These are not the best of times for mortgage giants Fannie Mae and Freddie Mac. Each company recently had to restate billions of dollars of earnings in the wake of revelations of accounting irregularities and lavish executive compensation. But a misguided new proposal in Congress, part of a much larger reform bill, only would deepen the conditions that contributed toward the companies' woes in the first place.
The House is on the verge of enacting legislation (H.R. 1461) to make Federal National Mortgage Association (Fannie Mae) and Federal Home Loan Mortgage Corporation (Freddie Mac), now with a combined $1.5 trillion in assets, less vulnerable to a financial meltdown. These Government-Sponsored Enterprises (GSEs), as they are known, would have less leeway to expand operations and a new, tougher regulator in place of the Department of Housing and Urban Development.
What's attracting special attention to the measure, overwhelmingly passed by the House Financial Services Committee in May, is a proposal that would mix mortgage risk evaluation and partisan politics in an unprecedented way. Chairman Michael Oxley, R-Ohio, he of Sarbanes-Oxley Act (2002) fame, is the prime mover behind a requirement to force the GSEs to devote 5 percent of after-tax profits to a proposed affordable-housing fund. In 2003 that pool would have been at least $600 million. Eligible recipients of this largesse include lenders, builders, nonprofit groups, and government agencies.
It's understandable why Fannie and Freddie are targets. They've had lots of bad publicity lately. And they've got lots of money -- courtesy of federal law. Though shareholder-owned corporations, each operates under a Congressional charter to promote homeownership.
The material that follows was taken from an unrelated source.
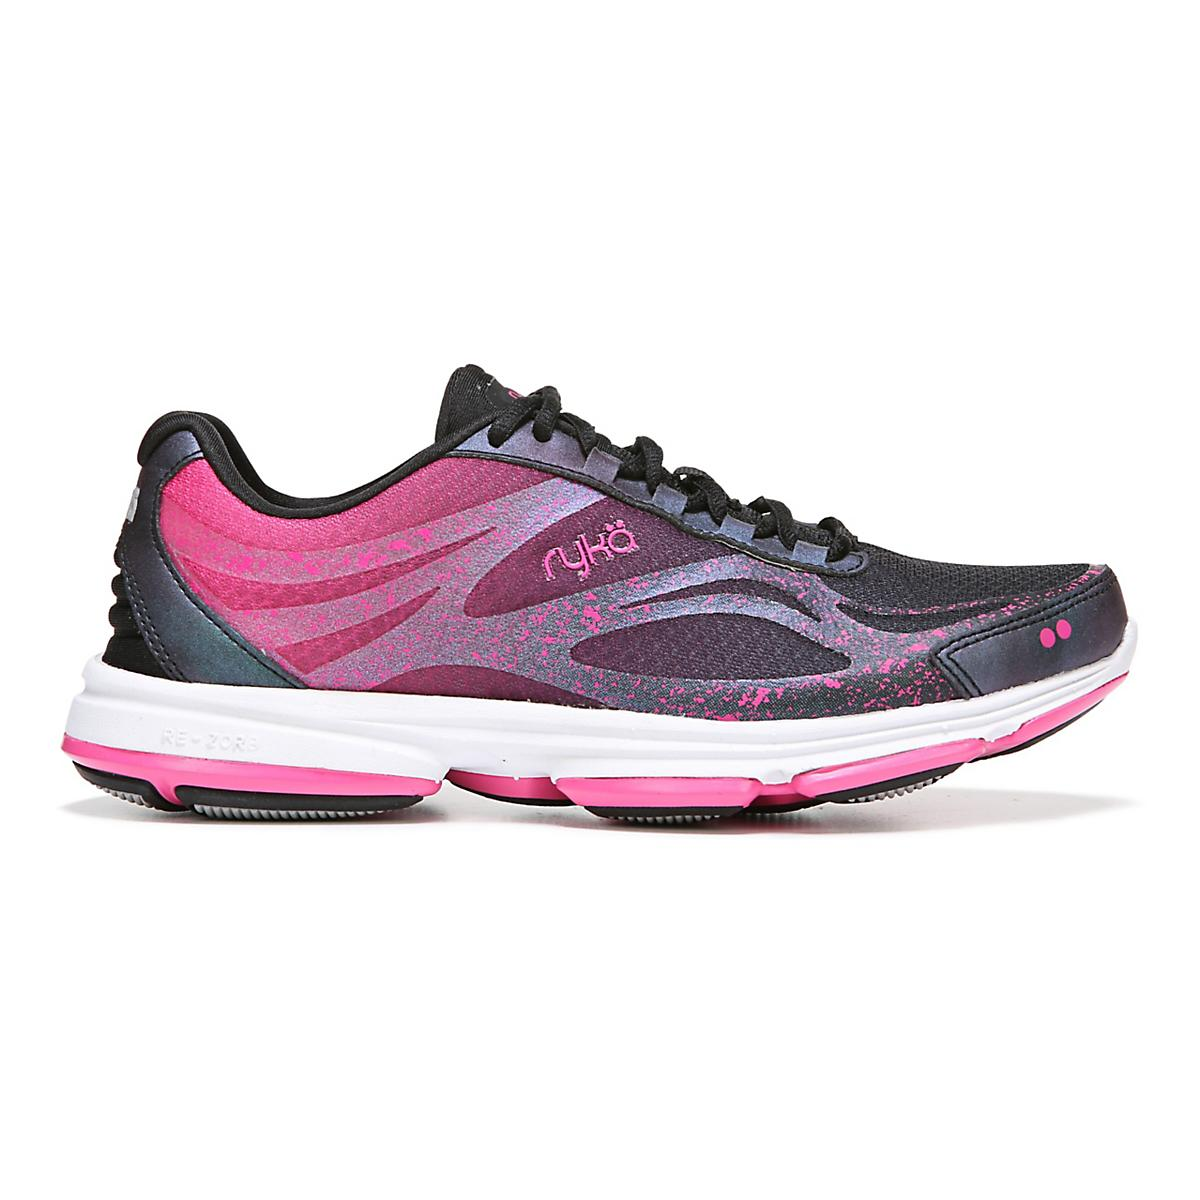 Ryka-Devotion-3-. +80 Most Inspiring Workout Shoes Ideas for Women
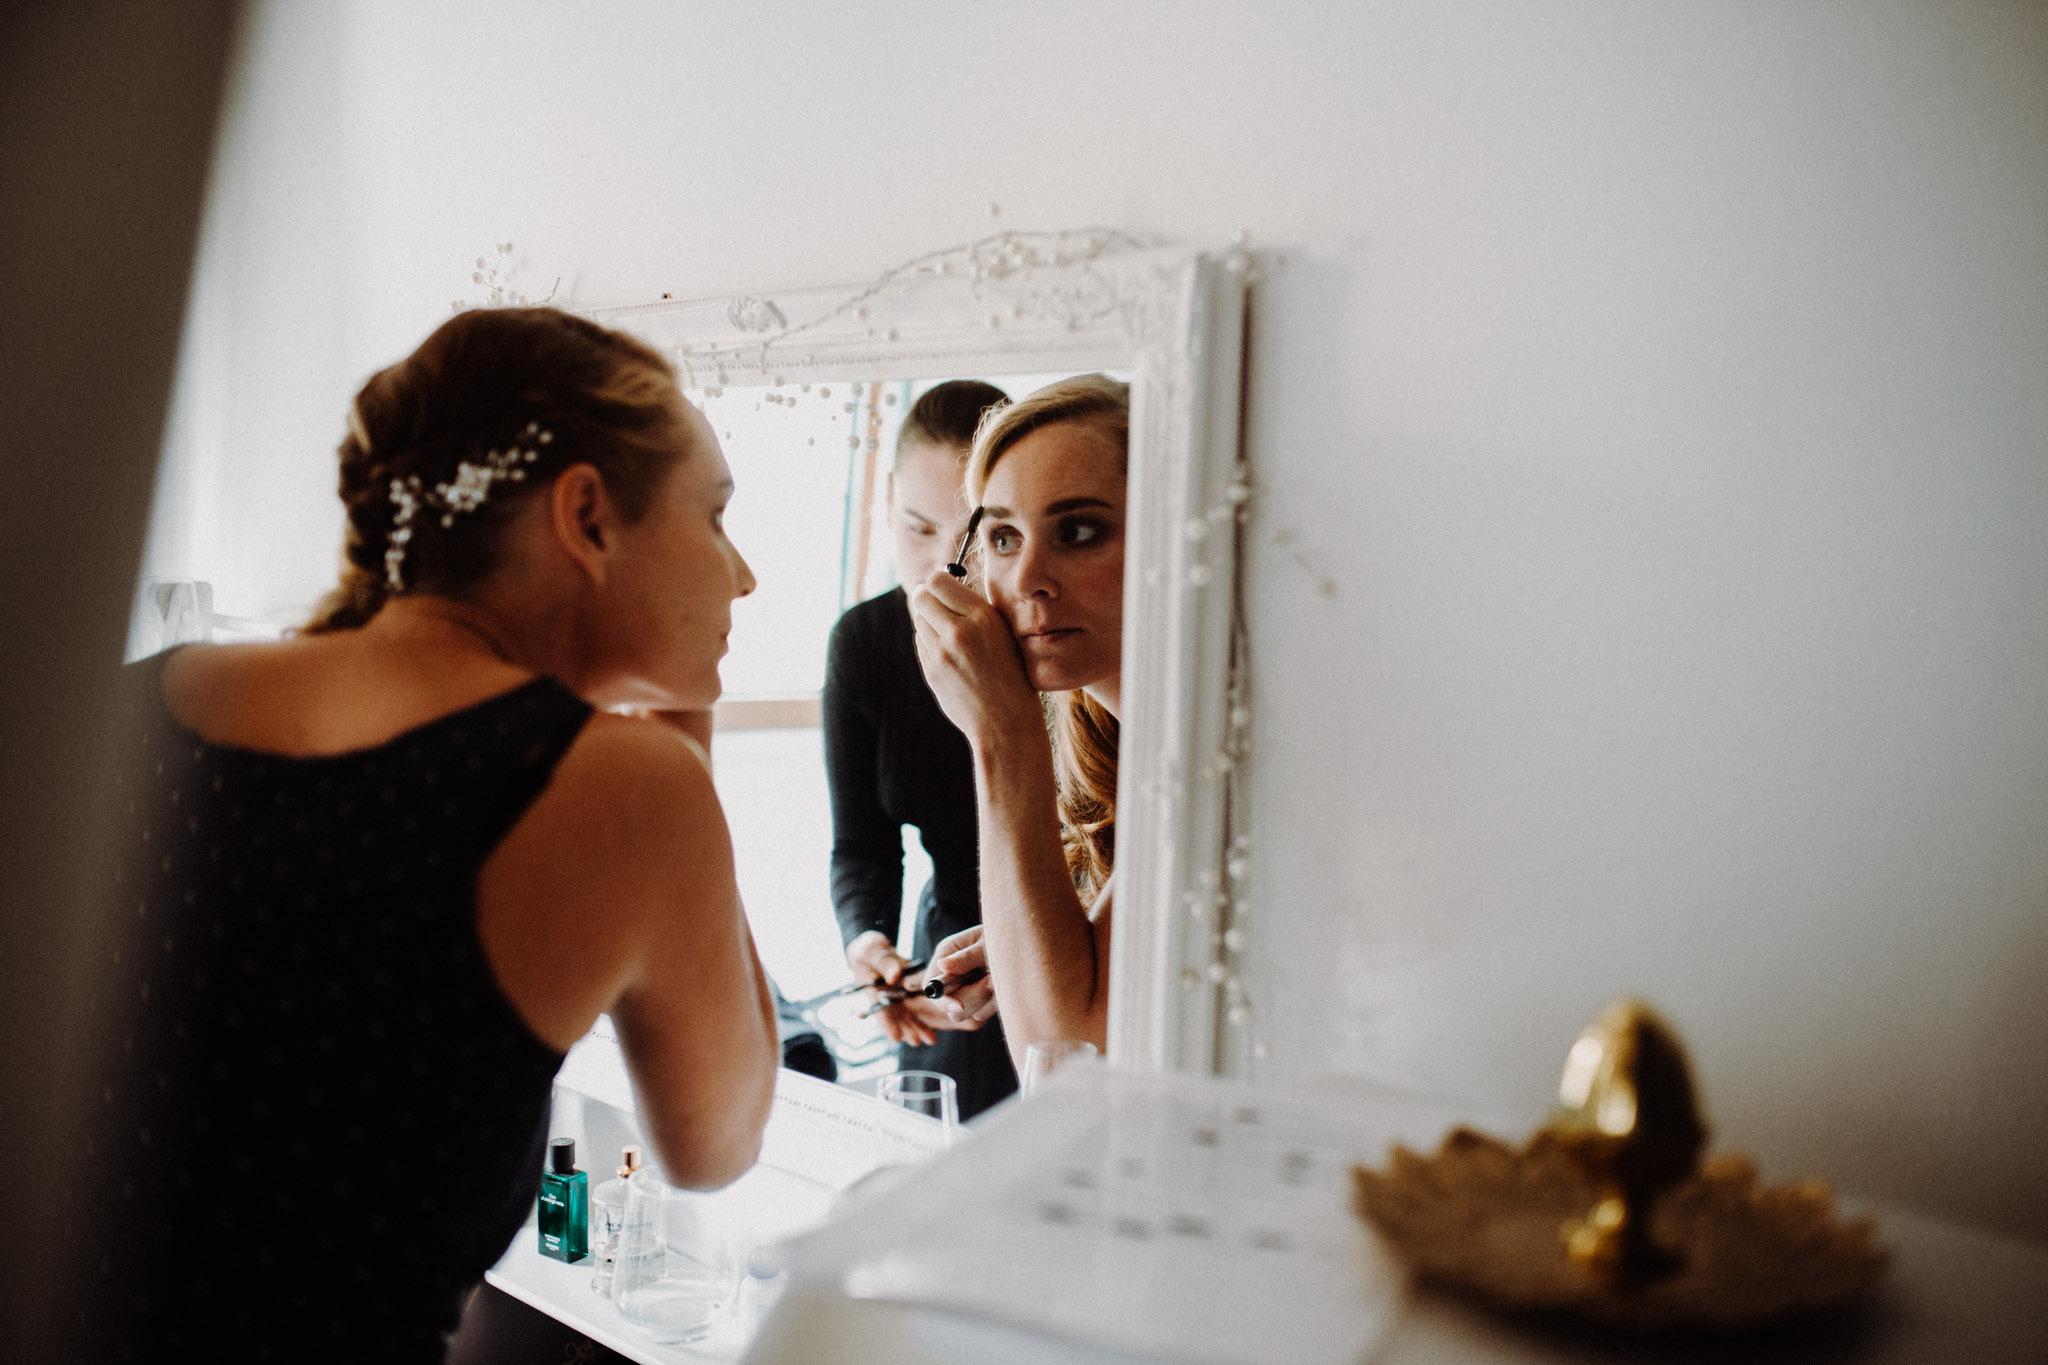 Hochzeit in Erding I Couple I Shooting I Wedding I Hochzeit IThüringen Hochzeitsfotografie I Wedding Photography

Their core business is creating mortgage market liquidity -- buying loans from banks, thrifts and mortgage banks within HUD-approved limits (this year it is $359,650 for a single-family dwelling), and packaging the loans to Wall Street investors as "mortgage-backed securities." In return, their charter confers upon them special benefits, estimated by the Congressional Budget Office to have been $10.6 billion a half-decade ago. Homeowners realized 63 percent of these benefits.
This isn't quite the win-win situation for the American people that the GSEs and their political supporters would have us believe. In fact, there's an inherent contradiction.
On one hand, Fannie and Freddie must adhere to strict capitalization standards. On the other, they are under intense pressure to bend traditional mortgage underwriting standards so as to make more low- and near-low-income households into first-time homebuyers. Producing high returns for shareholders while complying with a wealth redistribution mandate is a balancing act that virtually invites creative bookkeeping. It may temporarily succeed during housing booms (like the current one), but the bills inevitably come due.
Fannie Mae and Freddie Mac are at once heavily subsidized and heavily regulated. And that makes them vulnerable to shakedowns, especially by nonprofit community organizations that operate on a nationwide scale. The Association of Community Organizations for Reform Now (ACORN), for one, has never shied away from putting the heat on the GSEs, banks, and thrifts to increase their lending efforts on behalf of "underserved" populations and geographic areas. And frequently they use federal grants to politicize the delivery of housing. The federal AmeriCorps program nearly a decade ago, for instance, rescinded a roughly $1 million grant to a subsidiary, ACORN Housing Corp., after it found that the group had steered low-income homebuyers toward ACORN memberships and imposed a $60 annual fee as a prerequisite to receive homeownership counseling.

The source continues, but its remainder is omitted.